#### TASK ITEM:
All lines in the records below from the line with "Set #UdasiMoMana as your caller tune >" through the line with "#JanhaRatiraSathi #AmaraMuzik" are to be given again exactly, both ends included; the pictures are to be left out.

==== AVAILABLE DATA

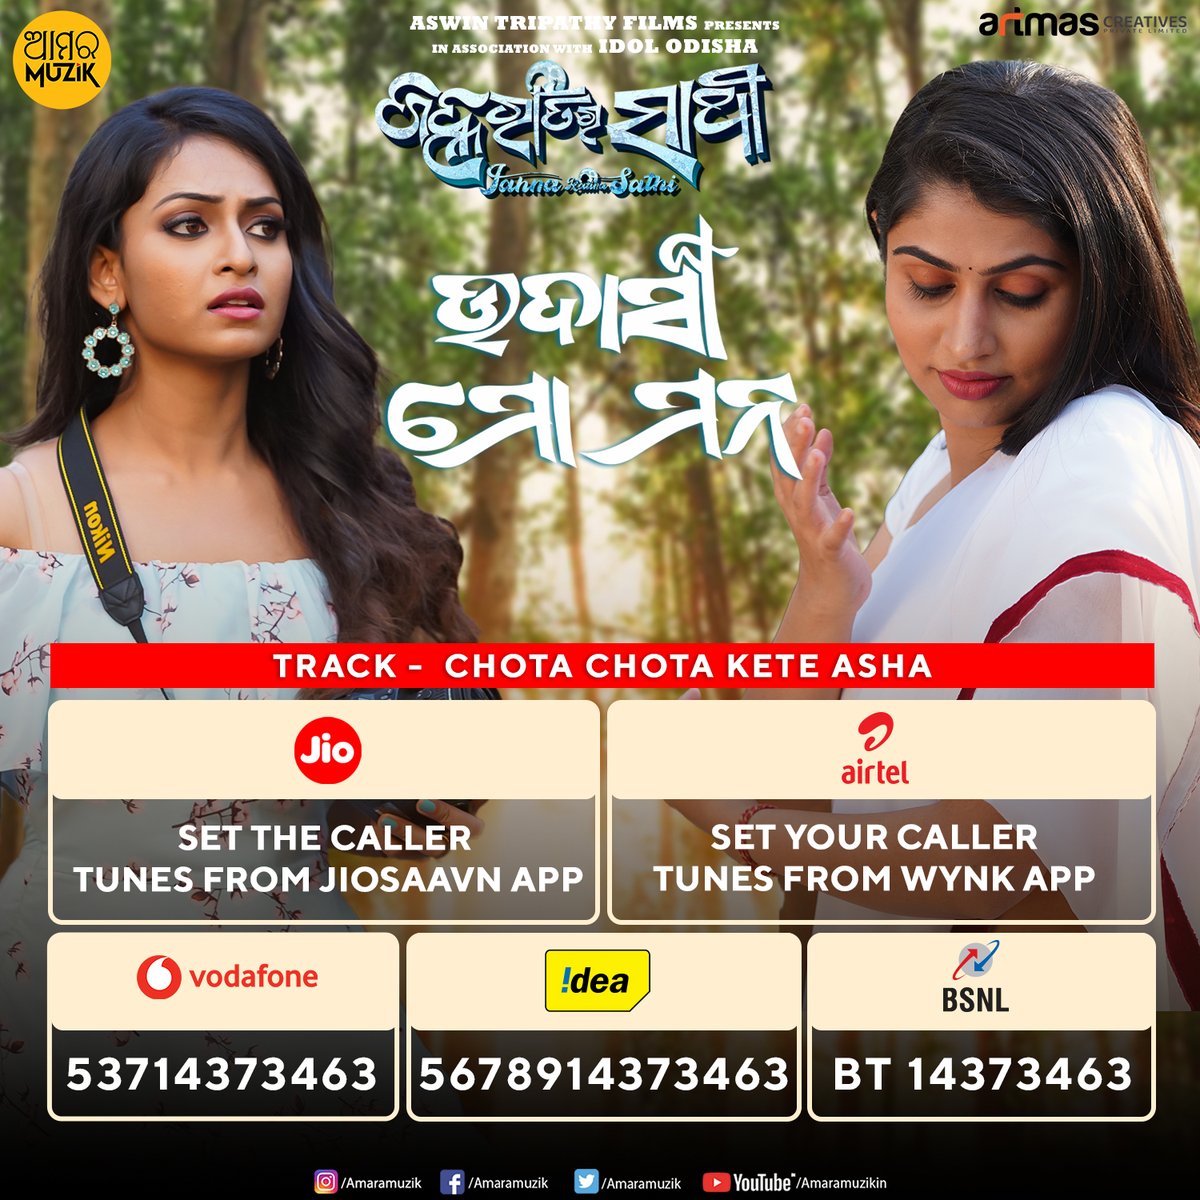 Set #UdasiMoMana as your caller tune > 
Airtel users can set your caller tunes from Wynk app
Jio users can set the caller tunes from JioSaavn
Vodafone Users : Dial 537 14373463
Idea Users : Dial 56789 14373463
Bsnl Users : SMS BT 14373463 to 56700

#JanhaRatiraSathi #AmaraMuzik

========
==== AVAILABLE DATA

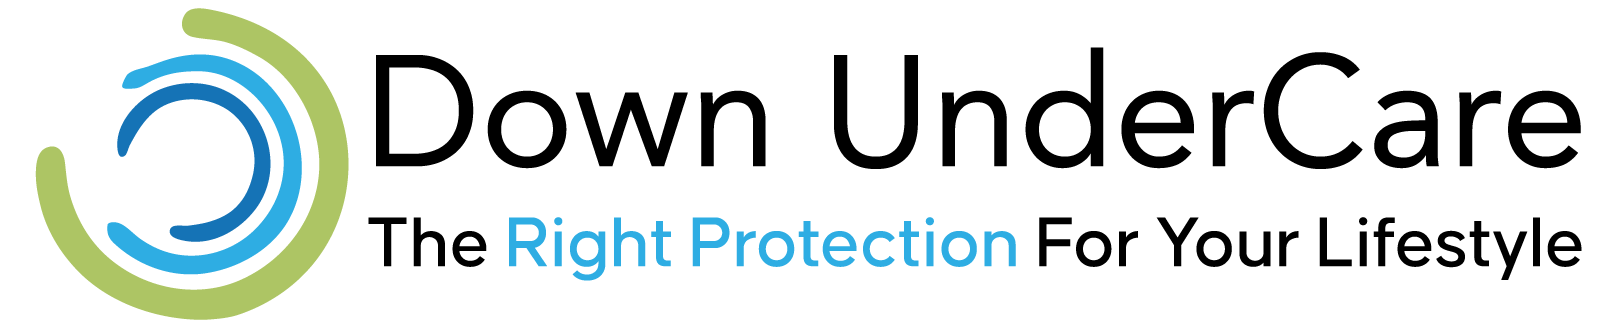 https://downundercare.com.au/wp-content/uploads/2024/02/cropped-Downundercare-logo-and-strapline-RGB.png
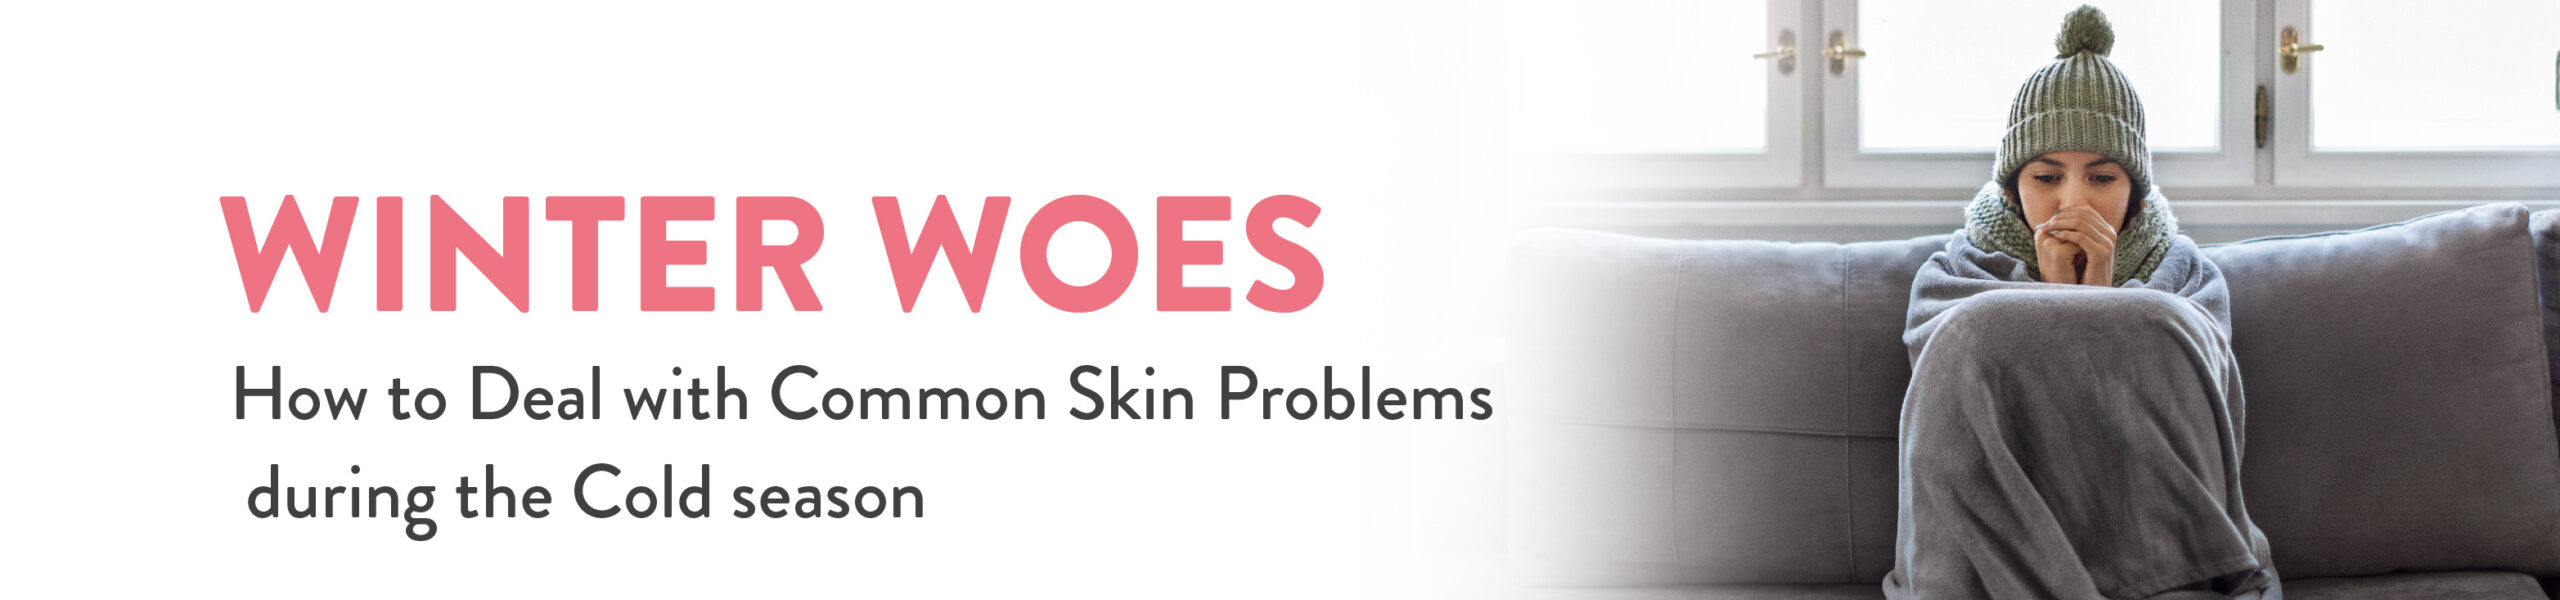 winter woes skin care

========
==== AVAILABLE DATA

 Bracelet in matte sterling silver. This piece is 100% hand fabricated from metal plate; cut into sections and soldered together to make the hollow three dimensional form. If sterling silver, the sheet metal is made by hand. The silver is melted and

========

#### OUTPUT OF THE TASK:
 Set #UdasiMoMana as your caller tune > 
Airtel users can set your caller tunes from Wynk app
Jio users can set the caller tunes from JioSaavn
Vodafone Users : Dial 537 14373463
Idea Users : Dial 56789 14373463
Bsnl Users : SMS BT 14373463 to 56700

#JanhaRatiraSathi #AmaraMuzik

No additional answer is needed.